Well, that's an old urban myth. Ringo is a fine drummer and influenced two generations of drummers--ask any top drummer and he'll tell you. Better yet, listen to the remastered recordings where they have brought the bass and drums higher in the mix where you can really hear them. Ringo is on everyone's top-10 drummers of the rock era list. Ringo's "feel" for the beat serves as a standard for record producers and drummers alike. He's a major reason that the Beatles songs felt so damn good.
Drummer on Ringo . . .
"Ringo doesn't dazzle with flashy technique and pyrotechnics," says The Cars' lead guitarist, Elliot Easton. "What he does is so much more elusive and difficult: He plays songs on the drums. Anybody who has sat down behind a drum kit in the last 45 years owes him."
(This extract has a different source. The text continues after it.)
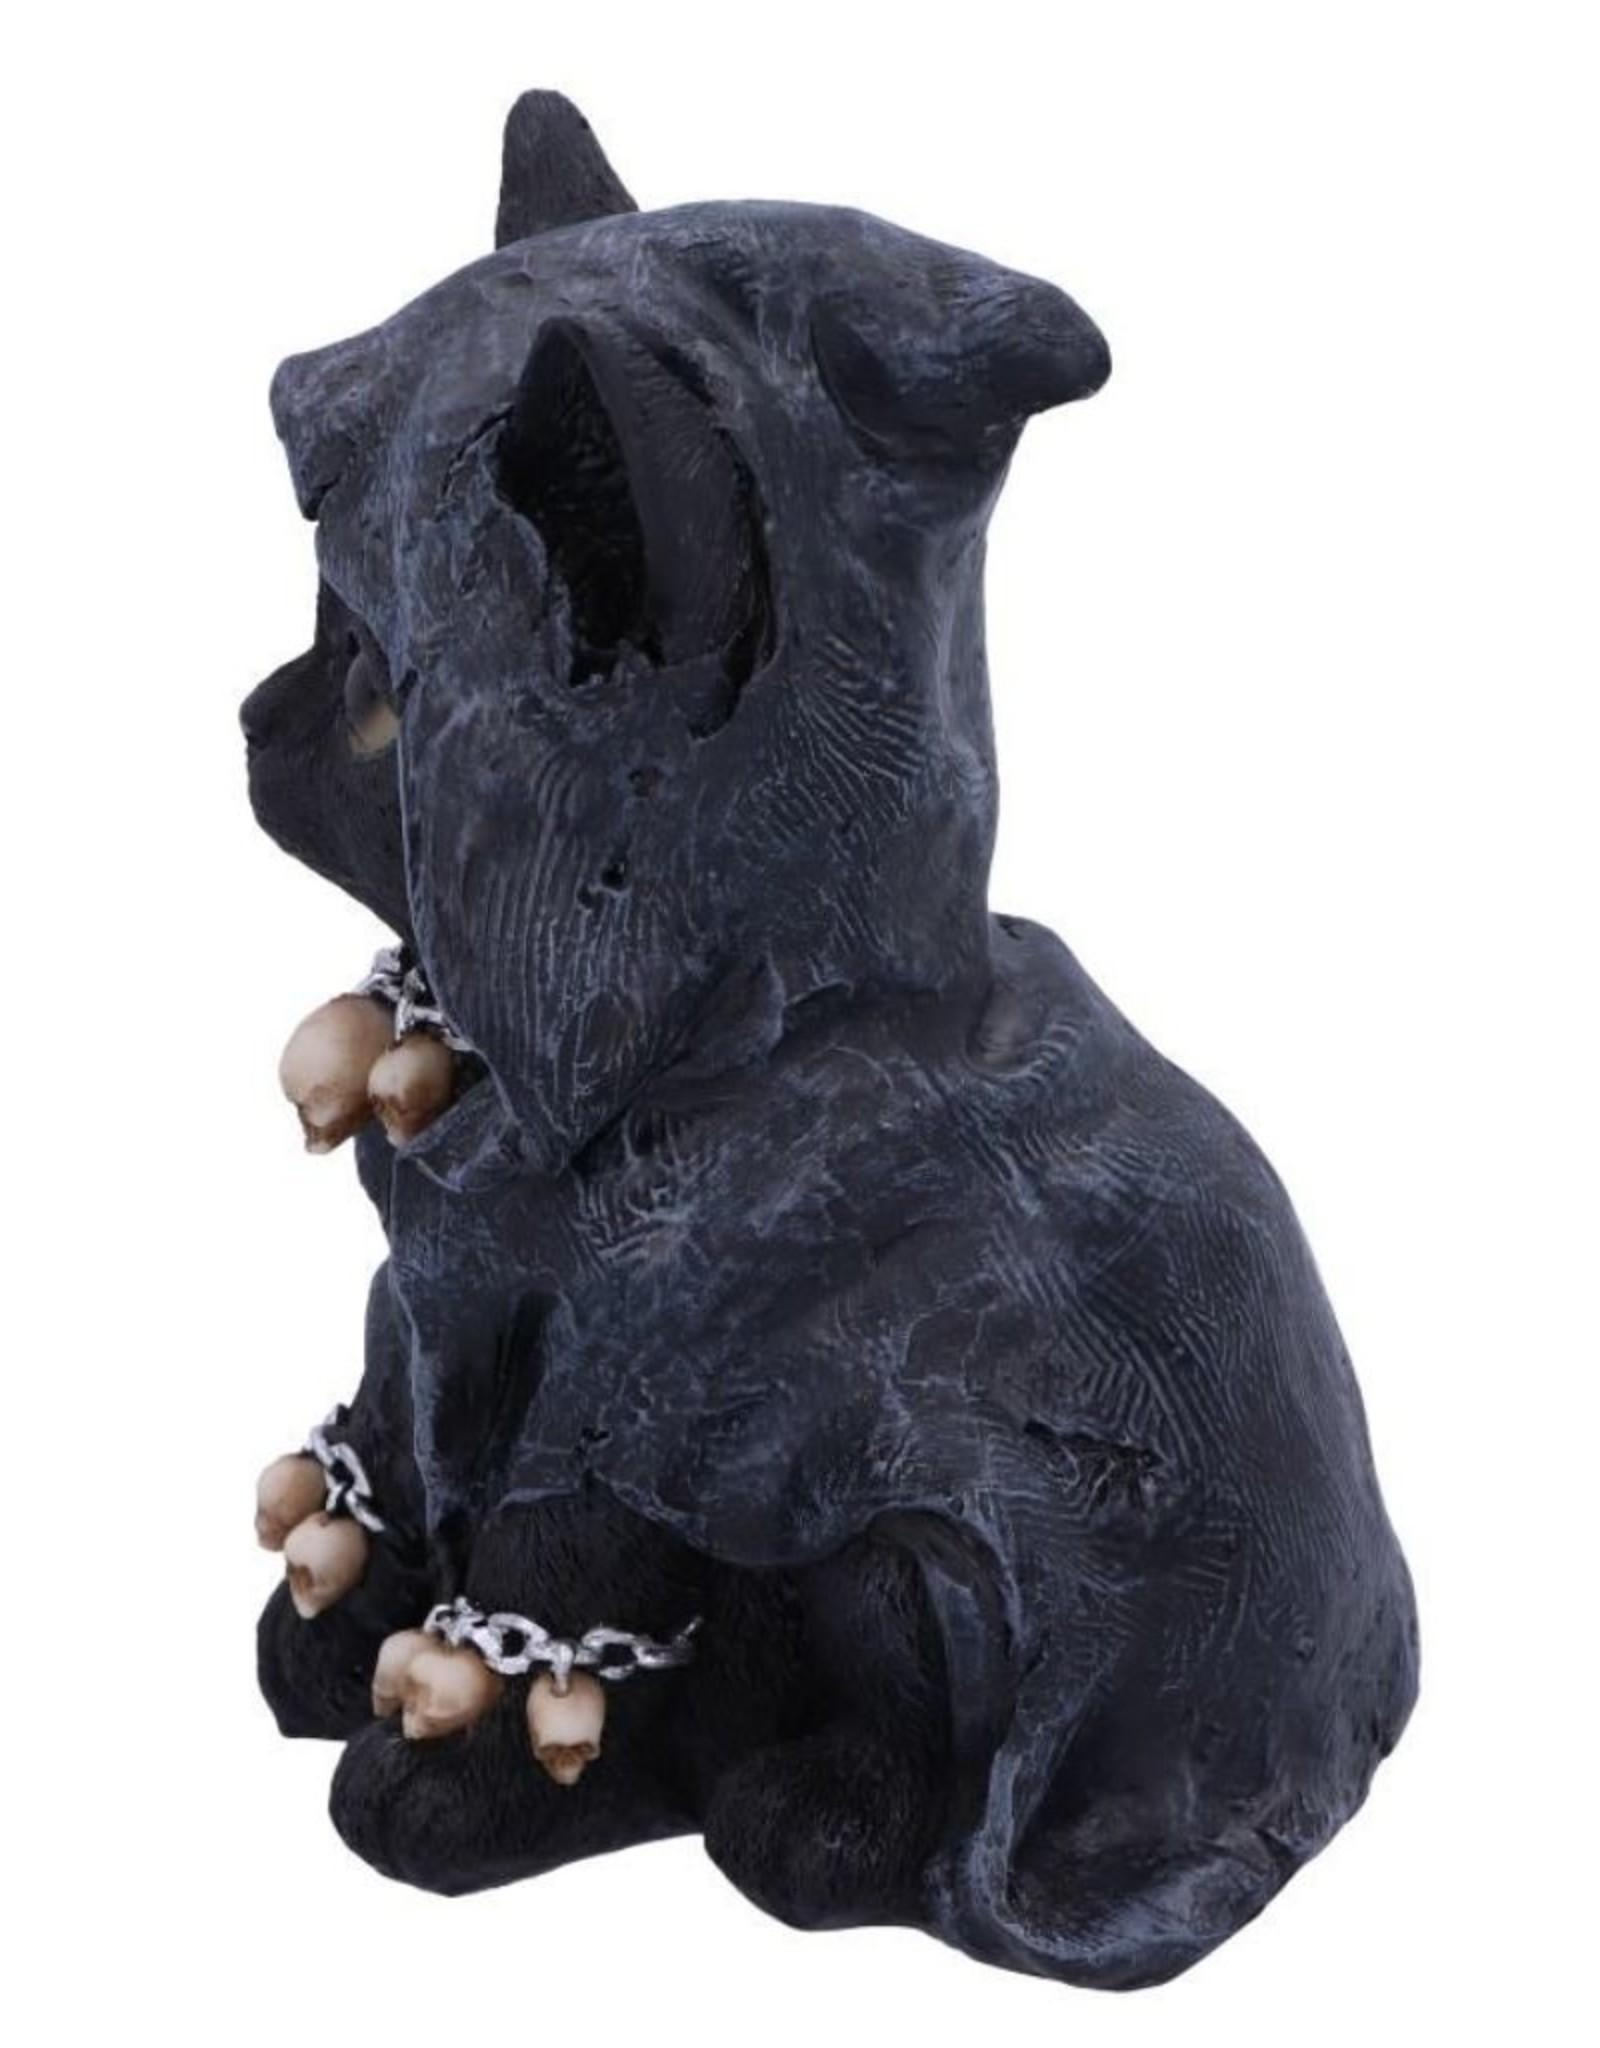 Alator Giftware and Figurines - Cat figurine Reapers Feline 16cm - Nemesis Now

Jim Keltner, rock's top session drummer said, "When you think of Ringo, it's impossible to not think of the Beatles and you remember those perfect songs with the perfect drum parts. When you hear the live BBC tapes, recorded with no more than two or three mic's, and the way he's laying it down, you know Ringo is one of the greatest rock drummers of all time. If you were a professional drummer, no matter how good you were . . . after Ringo you had to be able to sound like Ringo."
"Before Ringo, drum stars were measured by their soloing ability and virtuosity," says Steve Smith. "Ringo's popularity brought forth a new paradigm in how the public saw drummers. We started to see the drummer as an equal participant in the compositional aspect. One of Ringo's great qualities was that he composed very unique and stylistic drum parts for the Beatles songs. His parts are so signature to the songs that you can listen to a Ringo drum part without the rest of the music and still identify the song.
"Ringo Starr’s drumming is infallible, untouchable, and he is quite simply the greatest drummer in the history of rock n roll music." -- Black Crowes drummer Steve Gorman.
"Ringo's ability to play odd time signatures helped to push popular songwriting into uncharted areas. Two examples are "All you Need is Love" in 7/4 time, and "Here Comes the Sun" with repeating 11/8, 4/4, and 7/8 passages in the chorus." --
"Ringo was also one of the first drummers I saw to bail on the traditional grip. For years drummers had to play everything traditional grip. If they were doubling in a symphony orchestra, they had to play timpani, xylophone, and marimba with matched grip, so why did there have to be a whole different grip for drumset, just because years ago the military guys had their snare drum at an angle and their left elbow was up in the air? Ringo brought the matched grip into the mainstream. -- Gregg Bissionette
Nirvana and Foo fighters drummer Dave Growl says, "Ringo is the original rock and roll drummer" citing Ringo's distinctive drumming style as that "thing that only Ringo can do" like the "Ringo roll," for example.
Phil Collins, drummer for Genesis -- "I think he's vastly underrated. The drum fills on A Day In The Life are very complex things. You could take a great drummer today and say, 'I want it like that.' They wouldn't know what to do."
Andy Sturmer, drummer for Jellyfish -- "Ringo is a great guy and really amazing drummer. He has that feel that's between a shuffle and straight eights -- Ringo territory that nobody else can do."